Wall Street a terminé la semaine sur une note positive vendredi, entraînée en cette fin de trimestre par l'envolée de l'action Nike et la bonne santé du secteur de l'énergie sur fond de tensions commerciales persistantes.

Mis à jour le 29 juin 2018

Son indice vedette, le Dow Jones, a progressé de 0,2% à 24 271,41 points. Le Nasdaq, à forte composante technologique, a gagné 0,1% à 7510,30 points.

L'indice élargi S&P 500 s'est apprécié de 0,08% à 2718,37 points.

«C'est le dernier jour du trimestre et, comme c'est souvent le cas, l'argent a déferlé sur le marché en début de séance» avec des investisseurs avides d'ajuster leurs positions avant la clôture de leurs comptes pour la période, a remarqué JJ Kinahan de TD Ameritrade.

Les indices ont ensuite perdu de leur vigueur à l'approche de la fin de séance.

Membre du Dow Jones, l'action Nike a cependant conservé jusqu'au bout toute son énergie, finissant en hausse de 11,1% à la faveur de résultats trimestriels supérieurs aux attentes.

Les valeurs du secteur de l'énergie ont aussi soutenu les échanges, le sous-indice les représentant au sein de S&P 500 (+0,65%) affichant la plus forte performance.

Le secteur bancaire, qui s'affichait en nette hausse en début de séance après les résultats globalement positifs de tests de résistance annuels menés par la banque centrale américaine, a lui perdu de la vigueur au fur et à mesure de la journée (-0,1%). Les géants du secteur ayant passé avec succès cet examen ont terminé en ordre dispersé: JPMorgan Chase a perdu 0,7% et Bank of America 1,7% tandis que Citigroup a gagné 0,06% et Wells Fargo 3,4%.

Les trois établissements n'ayant reçu qu'un feu vert conditionnel à leurs plans de distribution de liquidités ont fini dans le rouge: Goldman Sachs a cédé 1,28%, Morgan Stanley 1,84% et State Street Corporation 0,80%.

Les tensions commerciales entre les États-Unis et ses principaux partenaires ont par ailleurs continué à planer sur les marchés.

General Motors (GM) a ainsi prévenu officiellement l'administration que les taxes douanières sur le secteur automobile envisagées par la Maison-Blanche pourraient conduire le groupe à supprimer des emplois et à augmenter les prix de ses véhicules.

Le Canada a aussi détaillé vendredi l'imposition de droits de douane sur 16,6 milliards de produits américains en réponse aux taxes sur l'acier et l'aluminium canadiens imposées par Washington.

Cette dernière annonce a eu un impact limité à la Bourse de New York «car elle était plus ou moins attendue» selon JJ Kinahan.

Mais «il faut s'attendre à ce que la volatilité reste élevée (...) puisqu'une grande partie des négociations semblent se faire via les médias ou Twitter», a-t-il souligné.

Secoués par tous les rebondissements sur le sujet, les indices s'affichent d'ailleurs en baisse sur la semaine: le Dow Jones a enregistré une perte hebdomadaire de 1,3%, le Nasdaq de 2,4% et le S&P 500 de 1,3%.

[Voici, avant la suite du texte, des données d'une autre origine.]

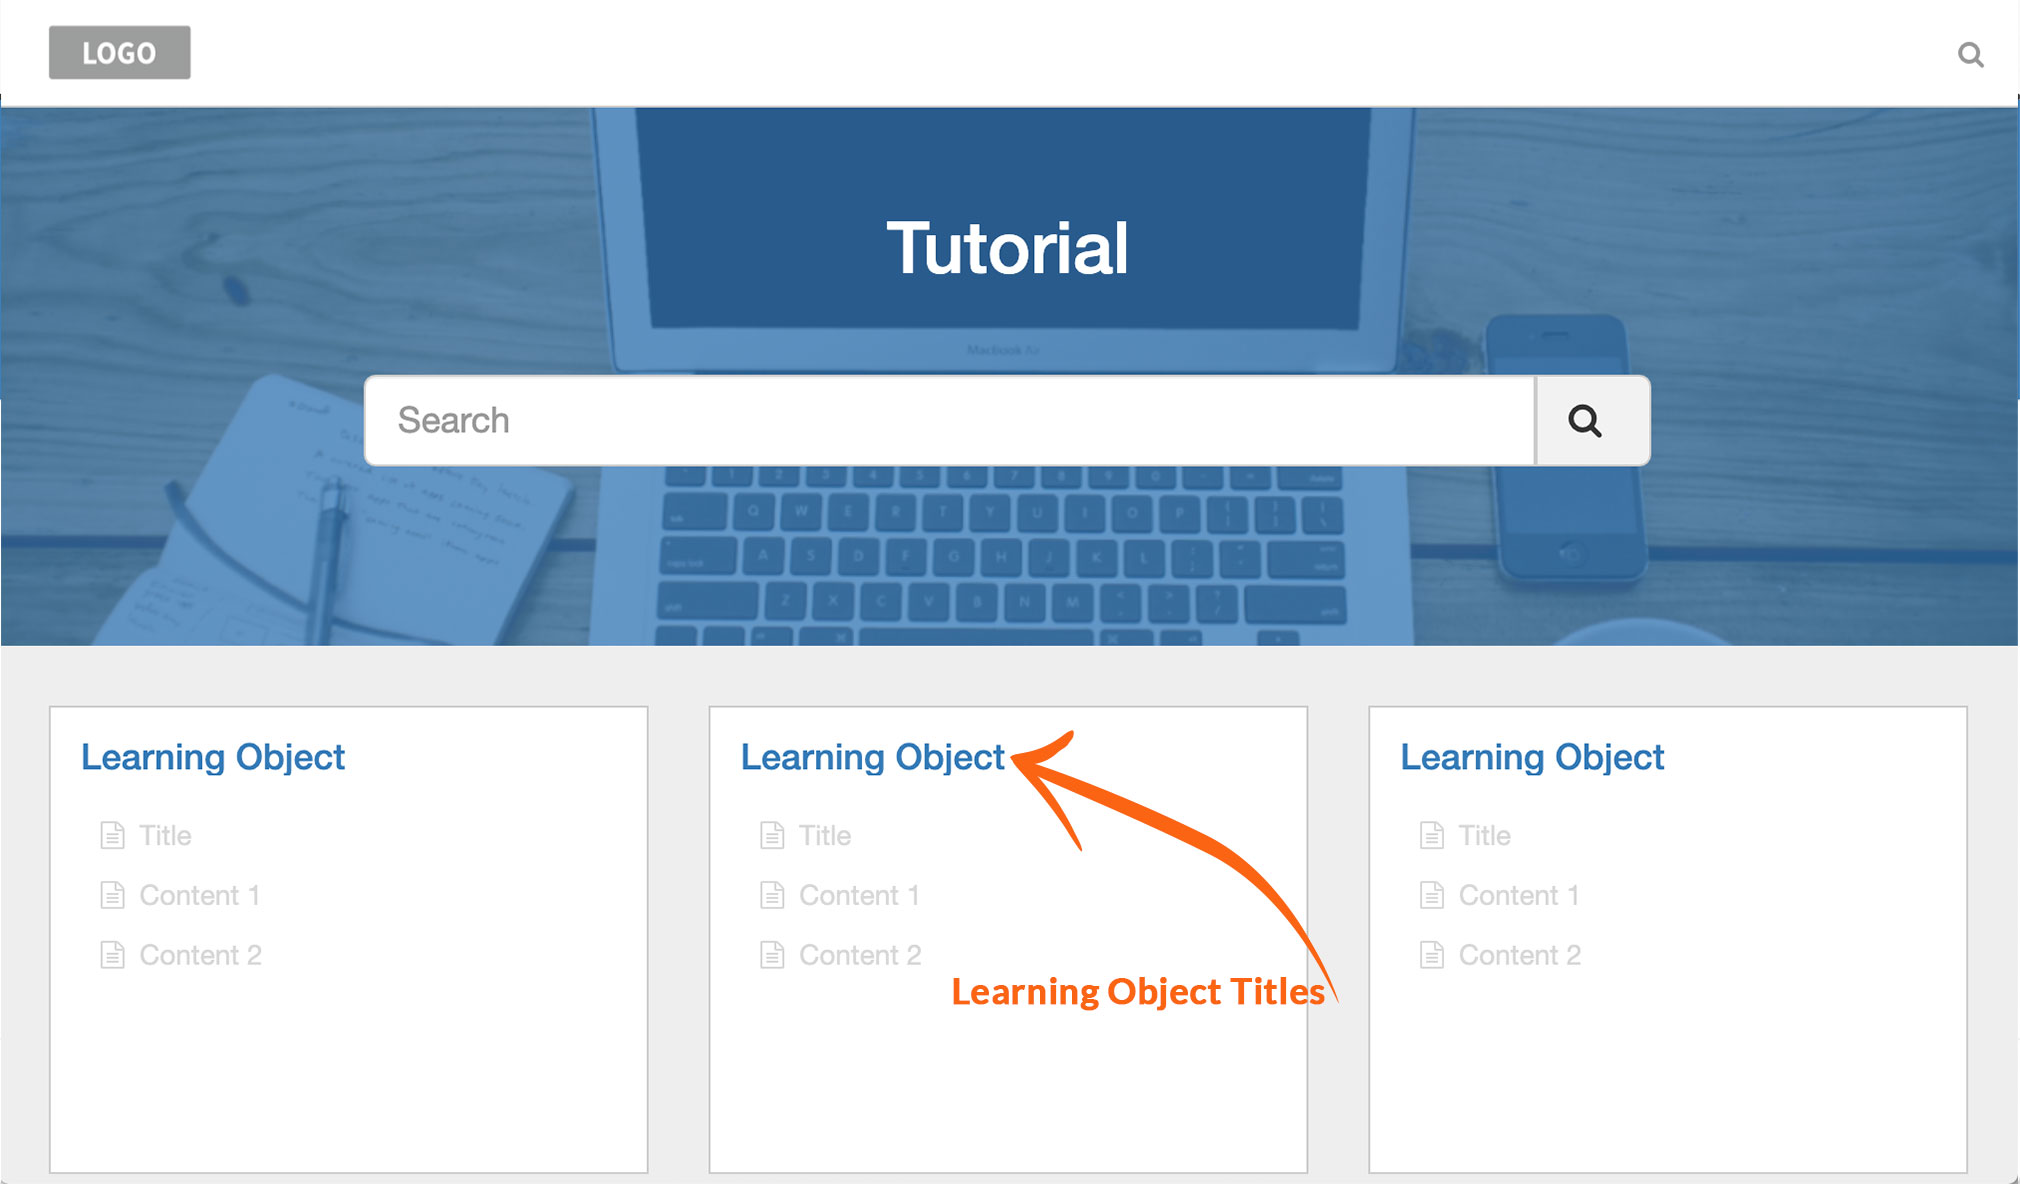 Knowledge Base - Learning Object Titles

La Bourse de Toronto a clôturé en hausse, soutenupar la hausse du prix du pétrole et son effet sur le secteur de l'énergie, tandis que le dollar canadien progressait avec la publication de données économiques positives.

L'indice composé S&P/TSX du parquet torontois a pris 97,84 points pour terminer la séance à 16 277,73 points.

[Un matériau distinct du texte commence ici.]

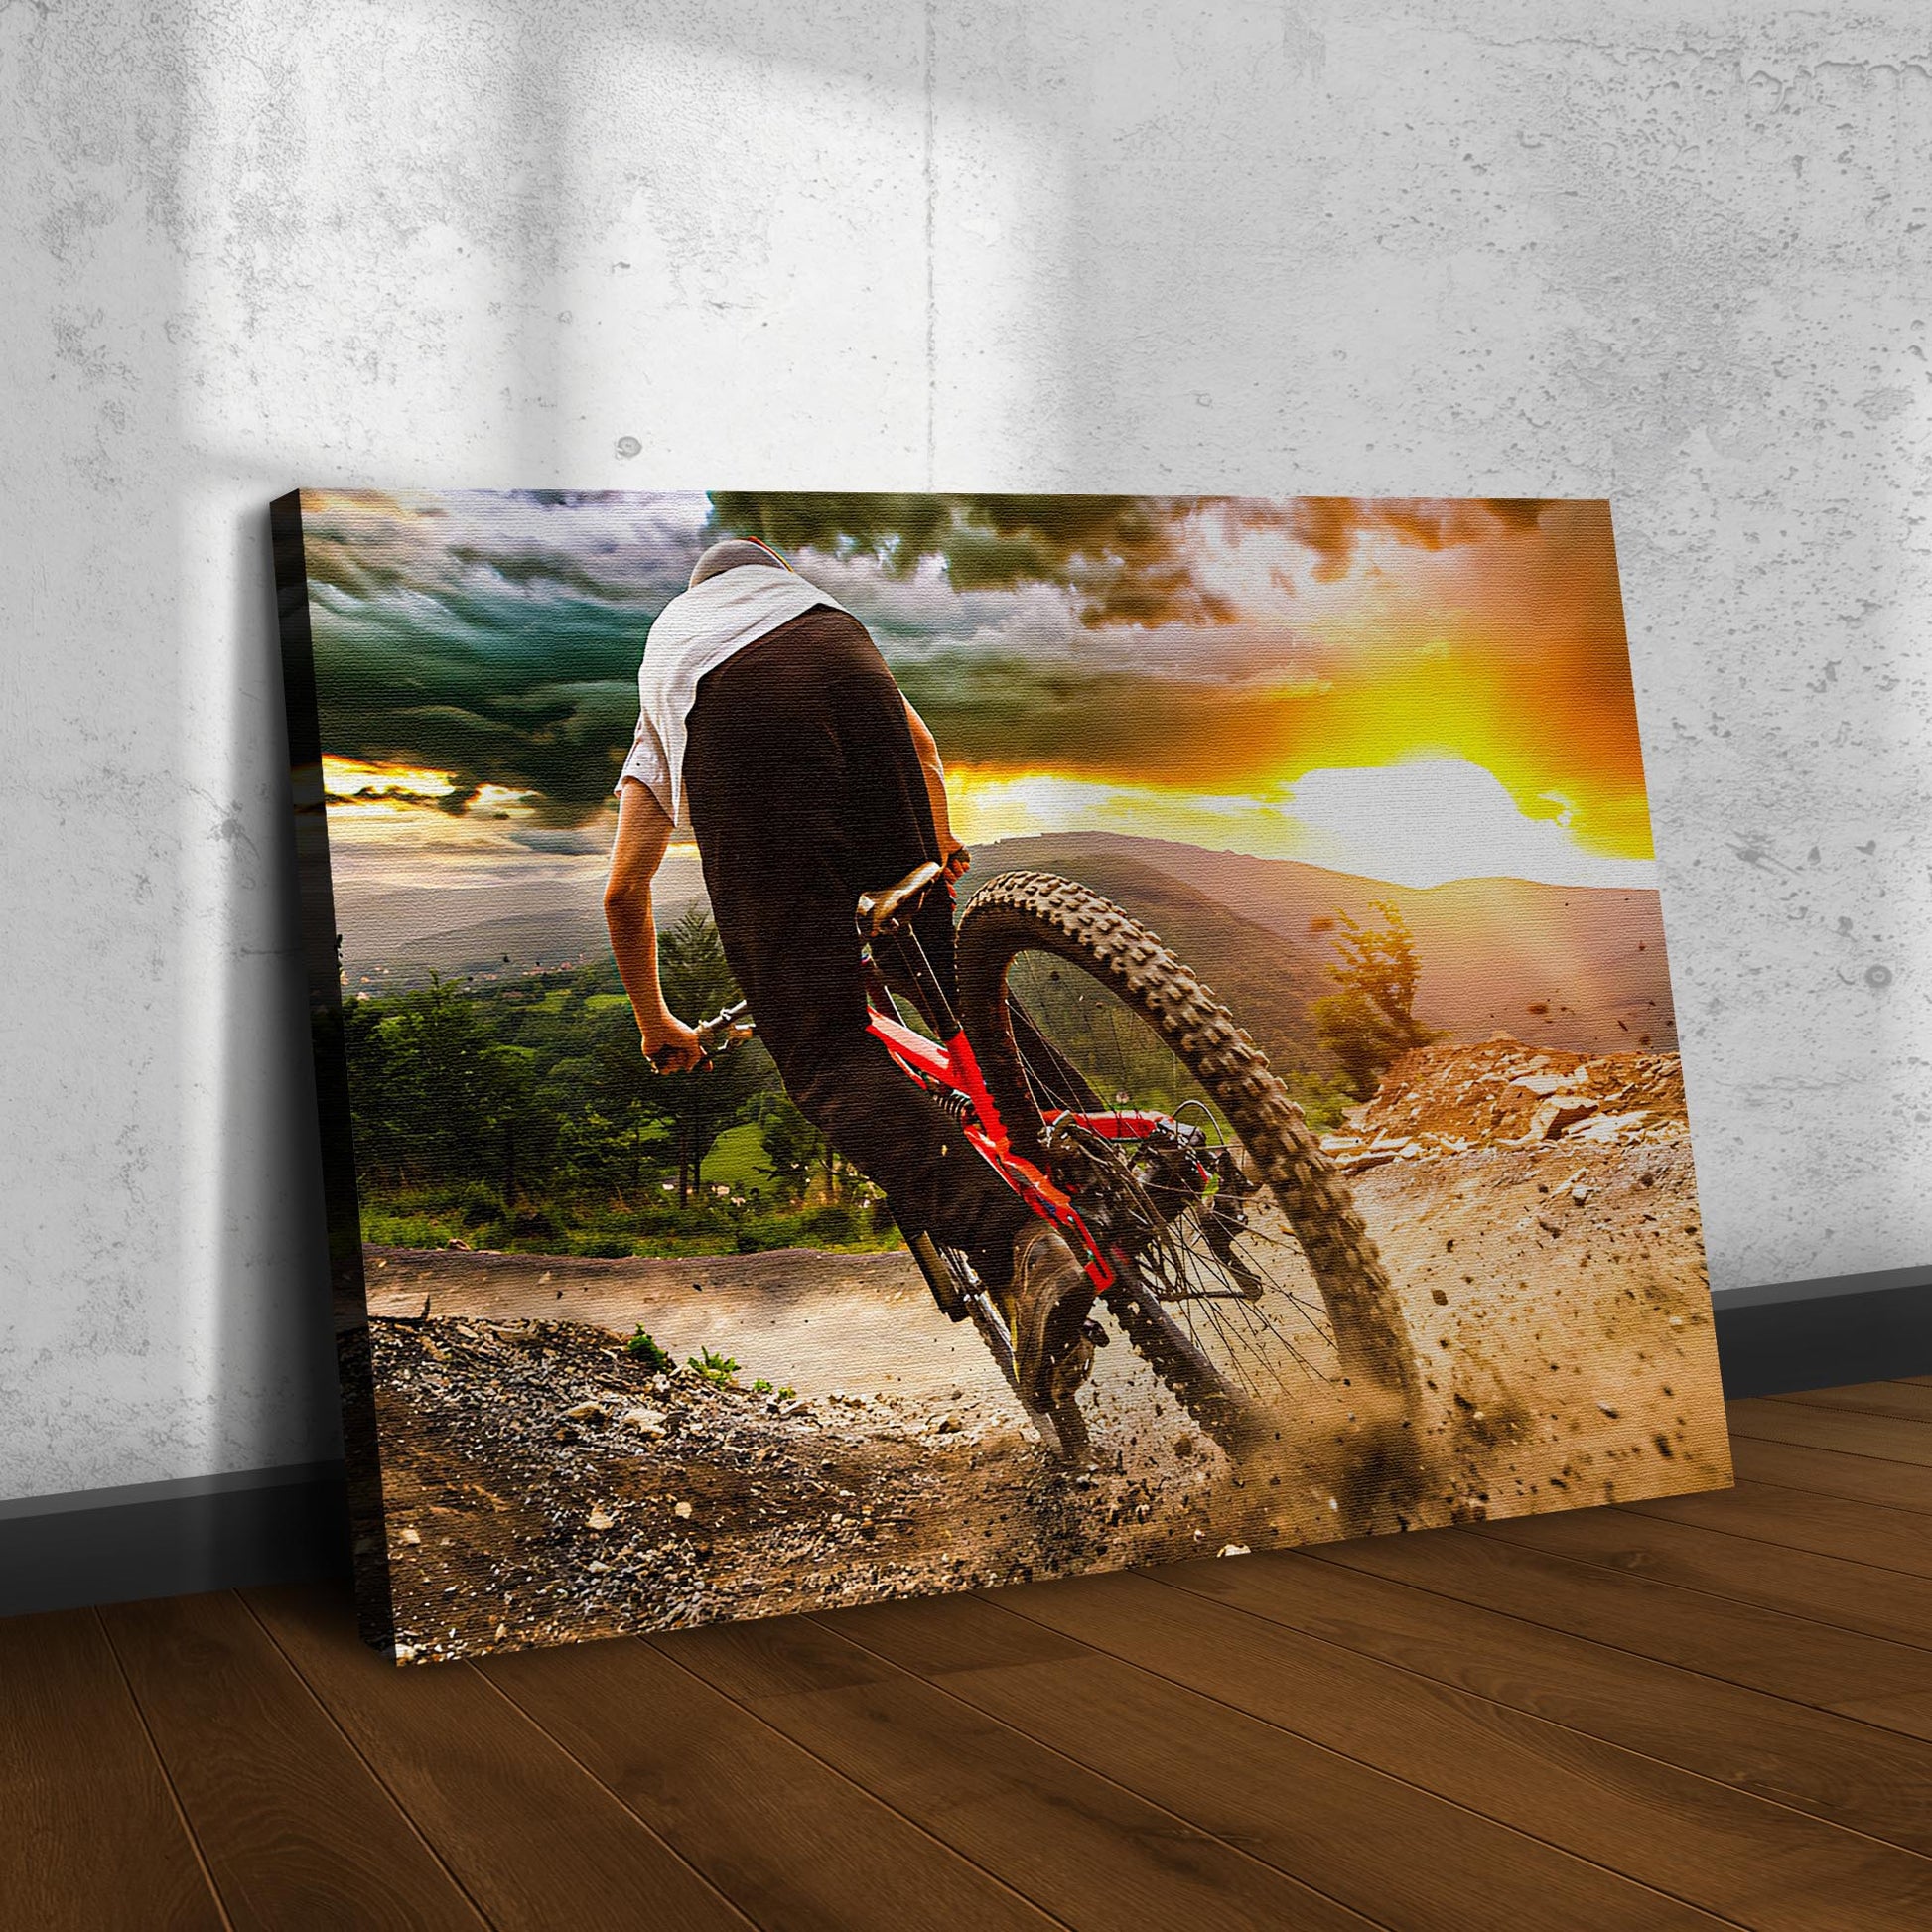 Cycling On Dirt Road Canvas Wall Art Style 2 - Image by Tailored Canvases

Sur le marché des devises, le dollar canadien s'est négocié au cours moyen de 75,94 cents US, en hausse de 0,57 cent US par rapport à son cours moyen de la veille. Il a semblé profiter de la publication de meilleures données que prévu au sujet du produit intérieur brut canadien du mois d'avril.

À la Bourse des matières premières de New York, le cours du pétrole brut a gagné 70 cents US à 74,15 $ US le baril, tandis que celui de l'or a pris 3,50 $ US à 1254,50 $ US l'once. Le prix du cuivre est resté inchangé à 2,97 $ US la livre.